It has been a very tough time for ASX lithium shares in recent weeks.
Due to sharp declines in the price of the battery-making ingredient (as forewarned here), investors have been hitting the sell button in a panic.
While this is disappointing, some analysts believe that it could have created a compelling buying opportunity for patient investors.
For example, listed below are three ASX lithium shares that have just been tipped to rise over 40% from current levels. Here's what you need to know:
Allkem Ltd (ASX: AKE)
Analysts at Morgans are feeling very bullish about this lithium miner following recent weakness. They have an add rating and a $15.30 price target on its shares, which suggests an upside of 43% from current levels.
Pilbara Minerals Ltd (ASX: PLS)
Another ASX lithium share that Morgans has spoken positively about this week is Pilbara Minerals. The broker has an add rating and a $5.60 price target on its shares, which also implies a potential upside of 43% for investors.

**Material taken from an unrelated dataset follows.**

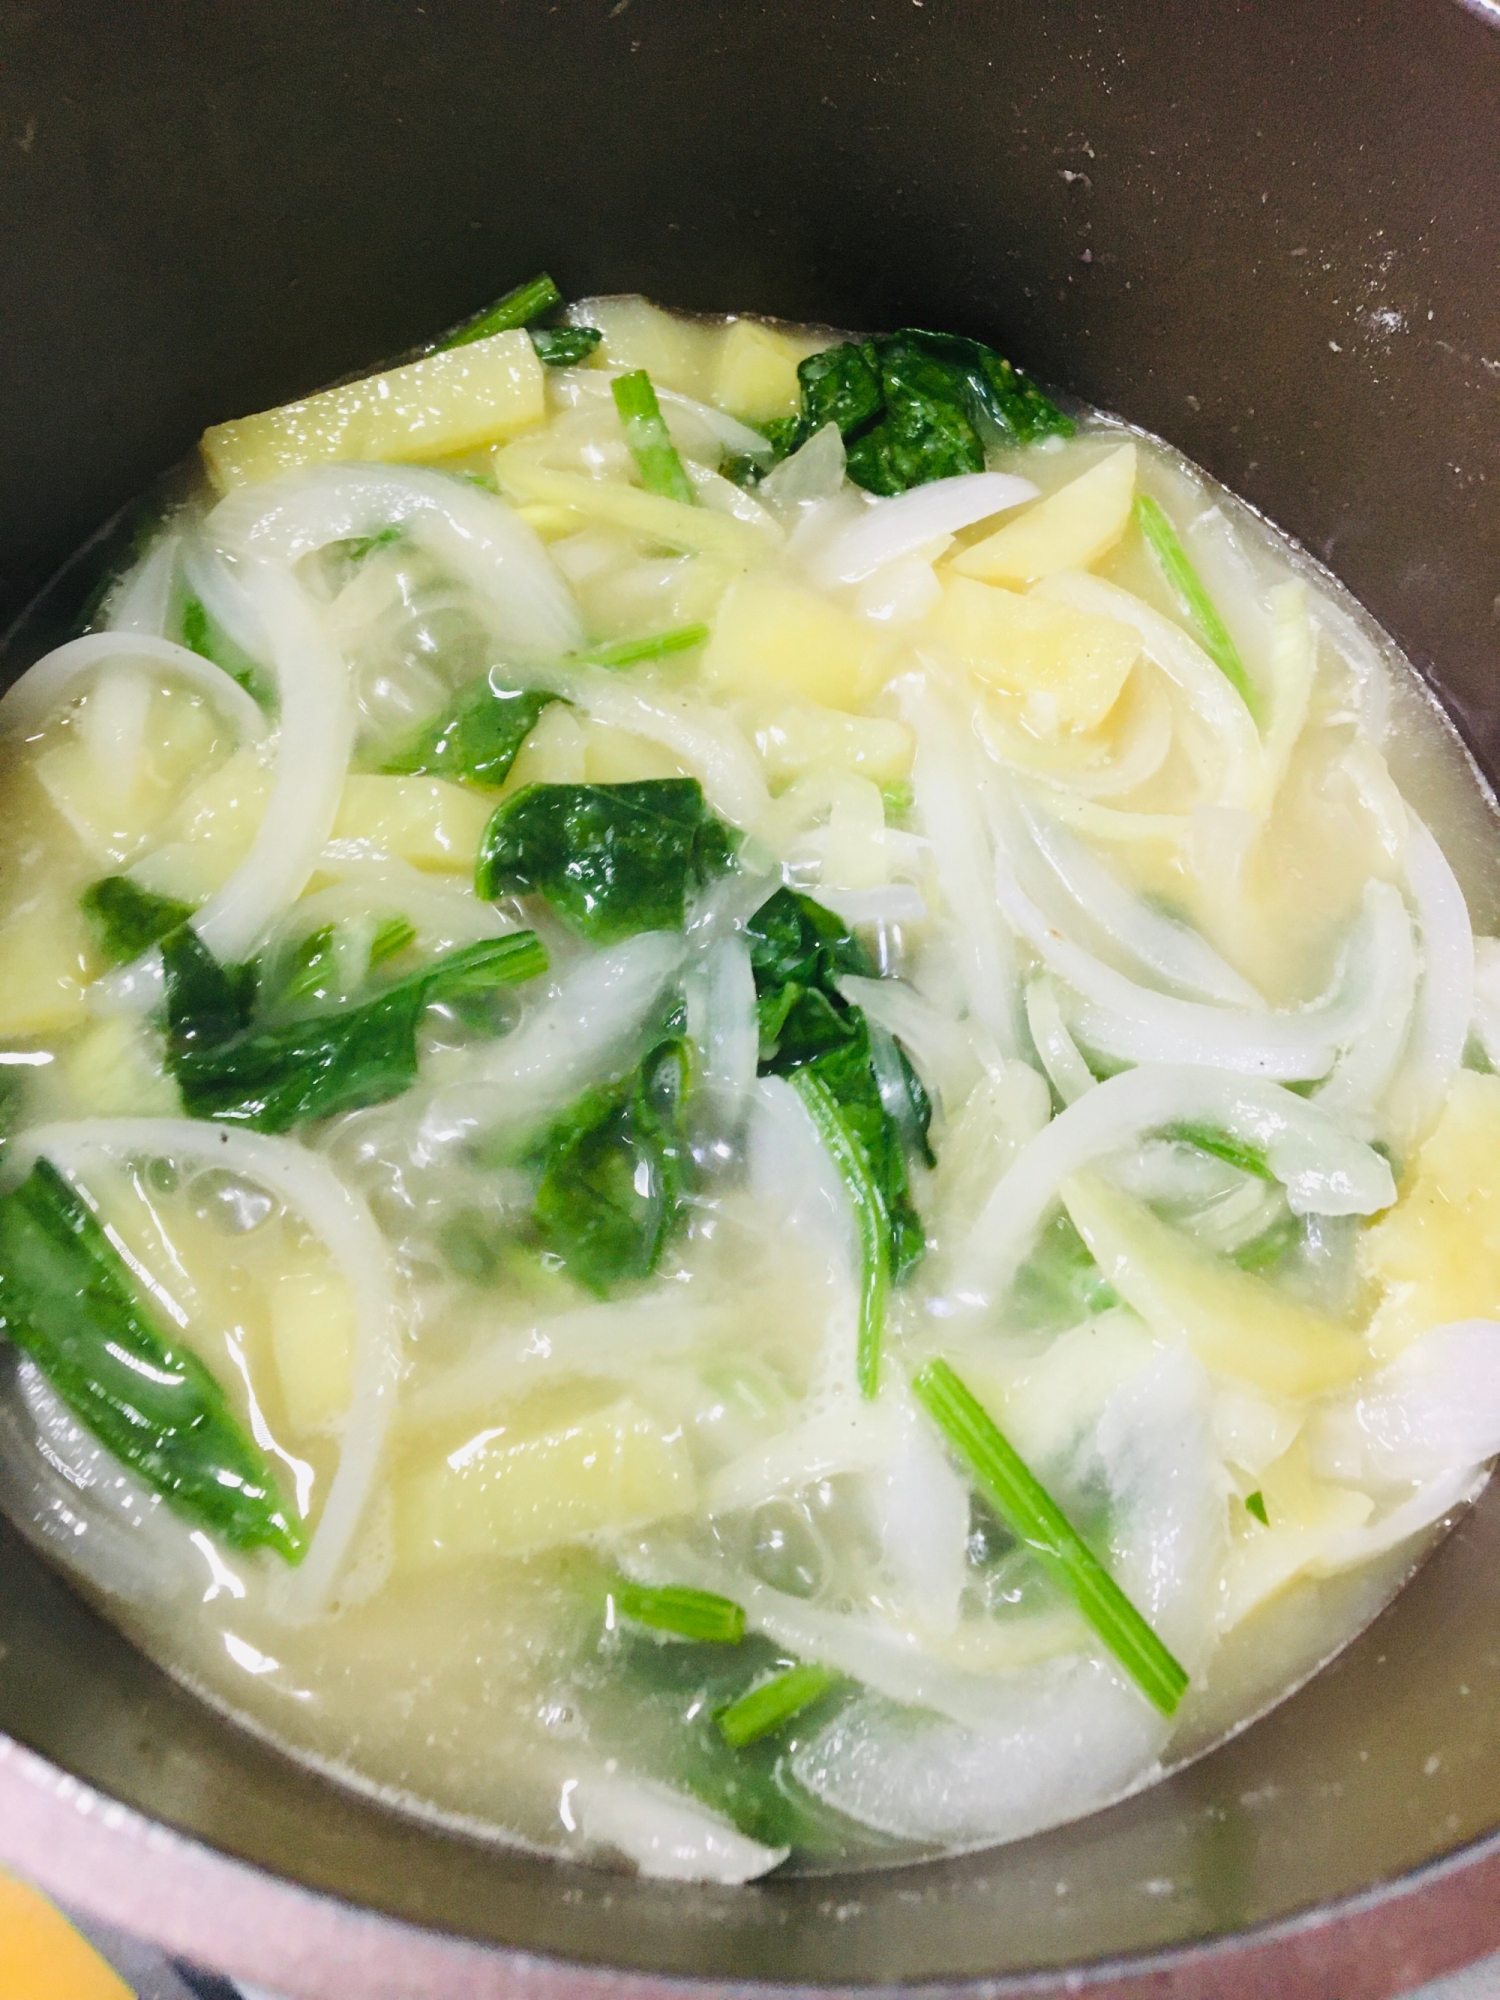 青梗菜と玉ねぎの中華スープ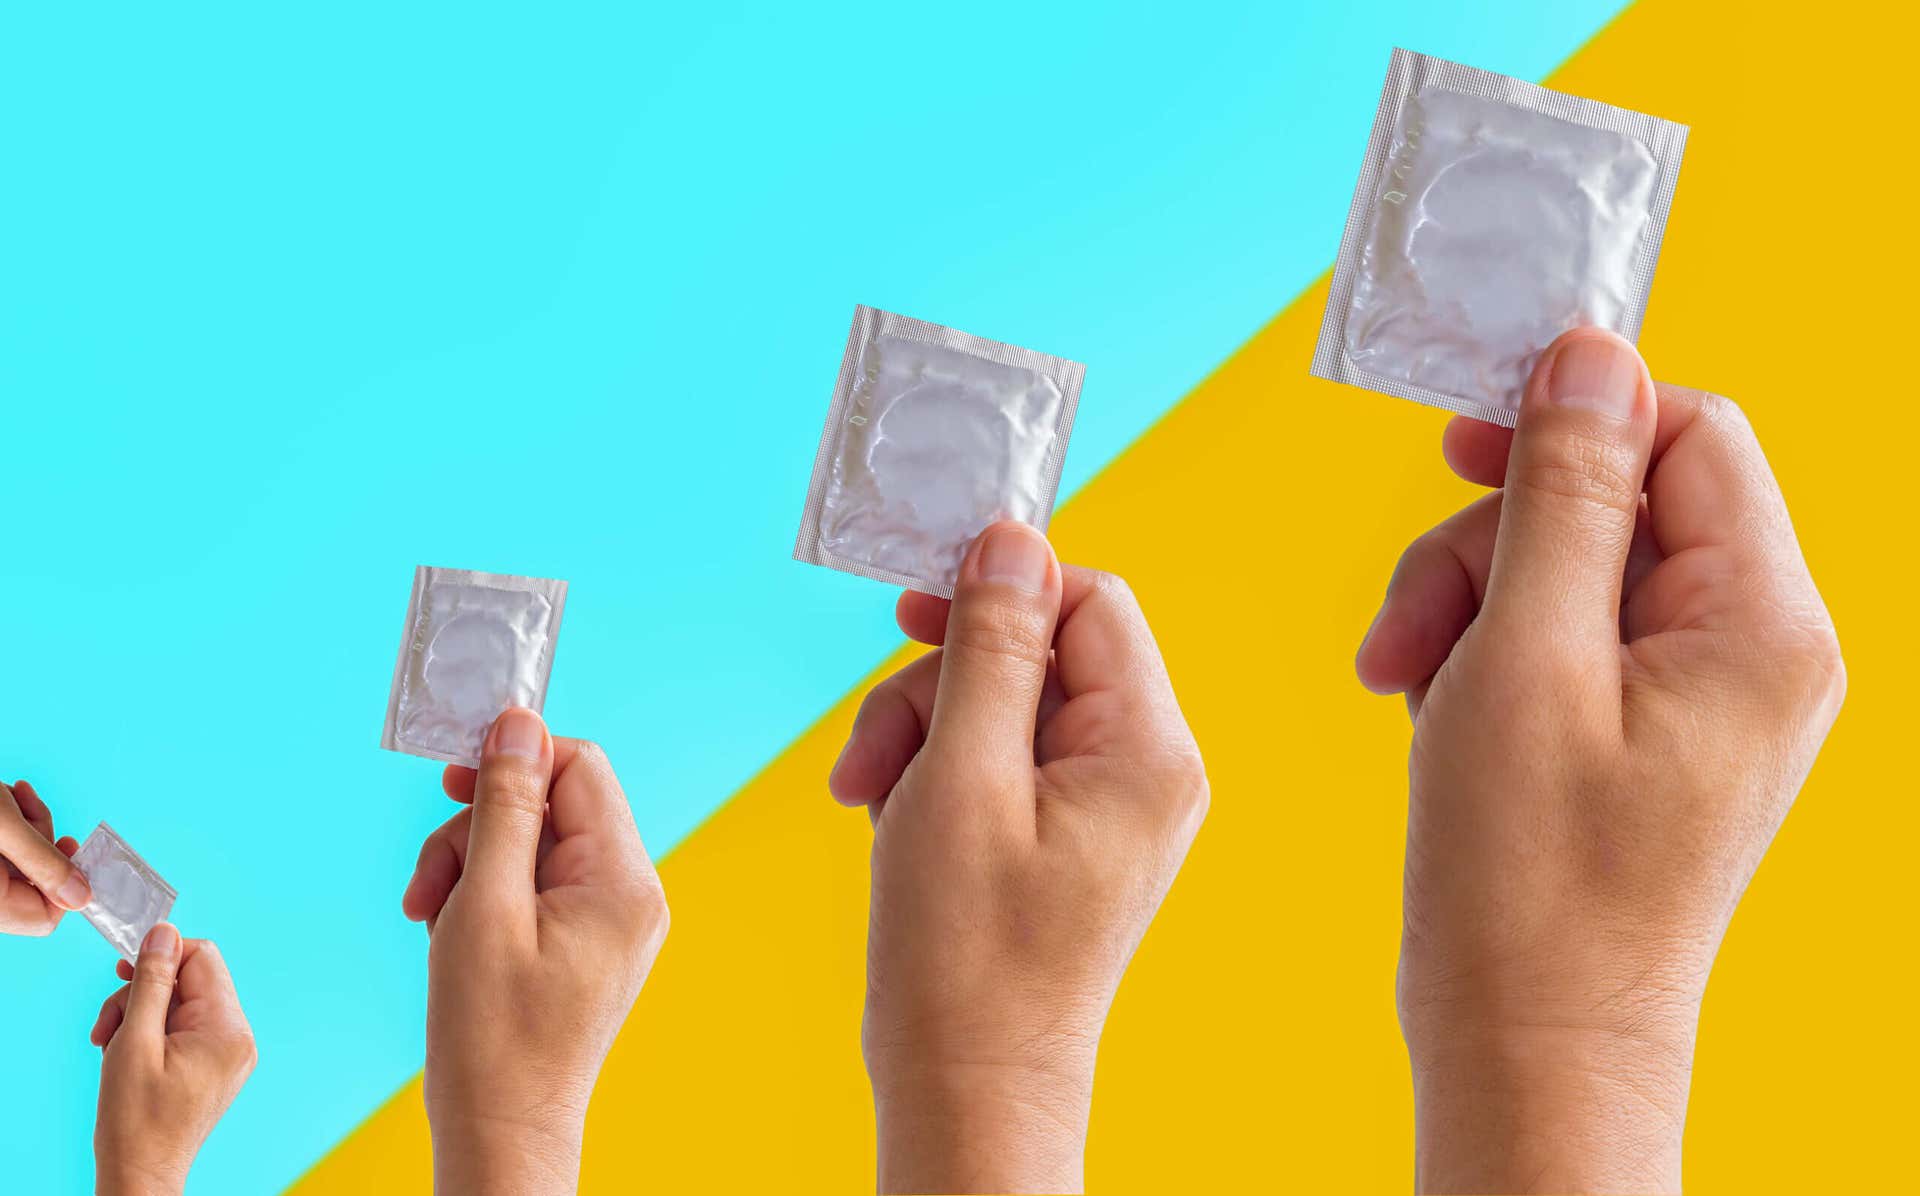 Some condoms.

Commenting on Allkem and Pilbara Minerals, the broker said:
Despite continued growth in EV production, lithium prices continue to weaken since the July – August period with spot Chinese prices falling the most. This has impacted the share prices of key pure play producers like PLS and AKE with both stocks declining over the same time frame.
We continue to see value in PLS and AKE with the capability to produce attractive cash flow even at more moderate lithium price levels.
Core Lithium Ltd (ASX: CXO)
Macquarie remains positive on lithium and sees a huge upside in the Core Lithium share price. The broker currently has an outperform rating and 65 cents price target on the ASX lithium share. Based on the latest Core Lithium share price of 35 cents, this implies a potential return of approximately 86% for investors.
It is also worth noting that the broker believes a maiden dividend isn't too far away. It has pencilled in a 2.2 cents per share dividend in FY 2025, which equates to a 6.3% yield.